We fall into a hysterical fit and Ian nearly falls off the couch but I hold him steady by his penis. The phone rings again and it makes us laugh until I feel like I’m going to pee in my pants and I leave the ringing phone on the coffee table and make my way to Ian’s downstairs bathroom.
“It won’t stop ringing!” he screams as I’m peeing. I try to block it out and stare at the two green hand towels on the rail in front of me. The towels breathe as I breathe. The floor is a sea of movement and I glance up at the towels and then back at the floor and I realize that I’m tripping my balls off—the way my clients have described it to me. And then I remember touching Ian’s penis and I laugh so hard I fart and that makes me laugh even harder, so I pee more.
I finally finish and wash my hands for what feels like twenty minutes, and I come back to the living room and my phone is still ringing and Ian’s hard-on went away because he’s holding my phone, staring at it.

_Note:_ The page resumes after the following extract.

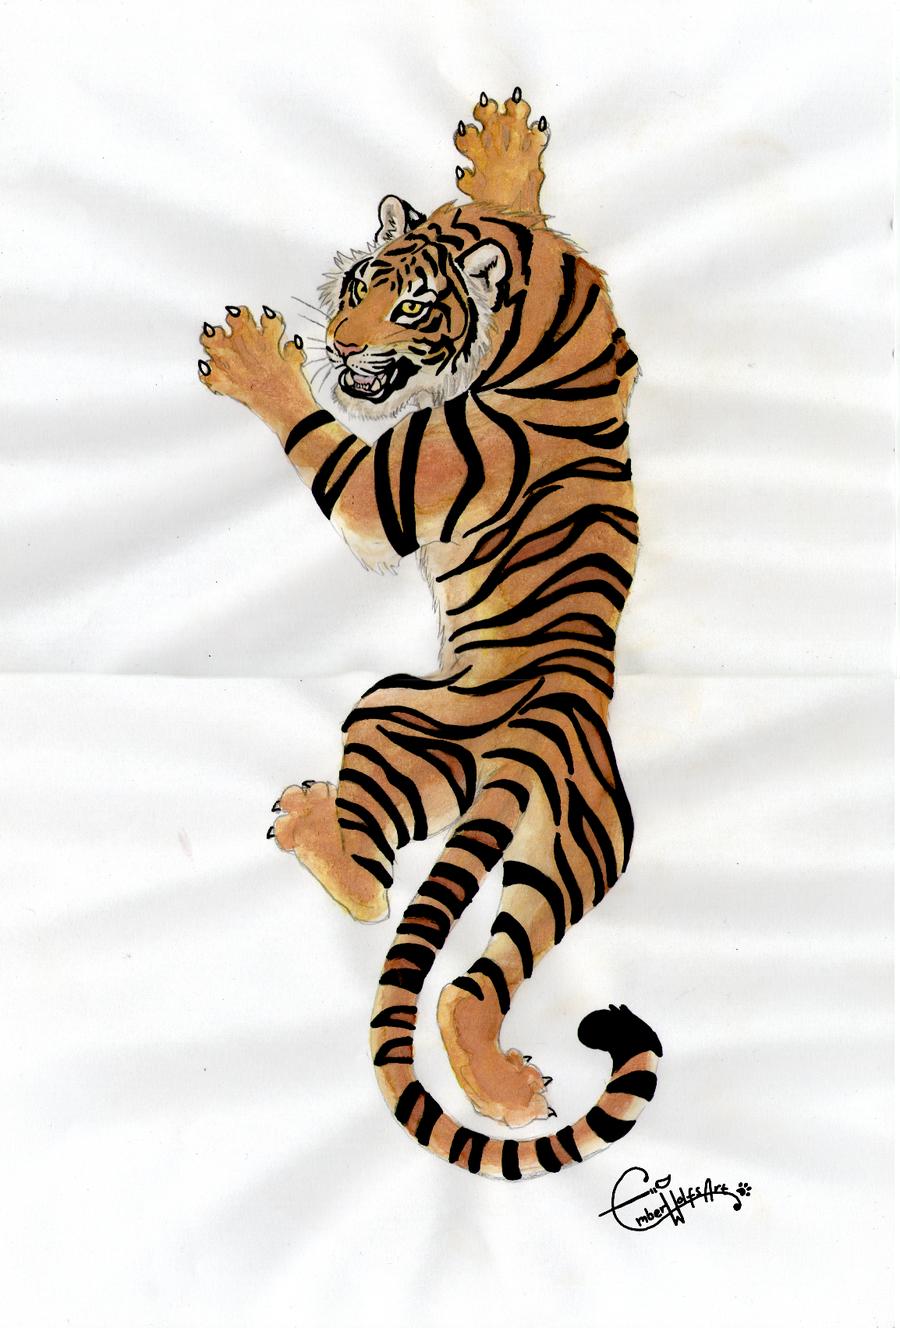 Climbing tiger | Tiger tattoo design, Tiger tattoo, Foot ...

“I think you should read your texts,” he says.
“Your towels breathe,” I say.
“No. Seriously,” he says, but he’s laughing while he says it so I don’t take him seriously.
I can only read one text. The latest one. It’s from my mom. It says: When u get home we have to talk about spending time with that boy.
I read the last part aloud in a white dickhead voice. “We have to talk about spending time with that boy.”
Ian and I fall off the couch laughing even though nothing about this is funny.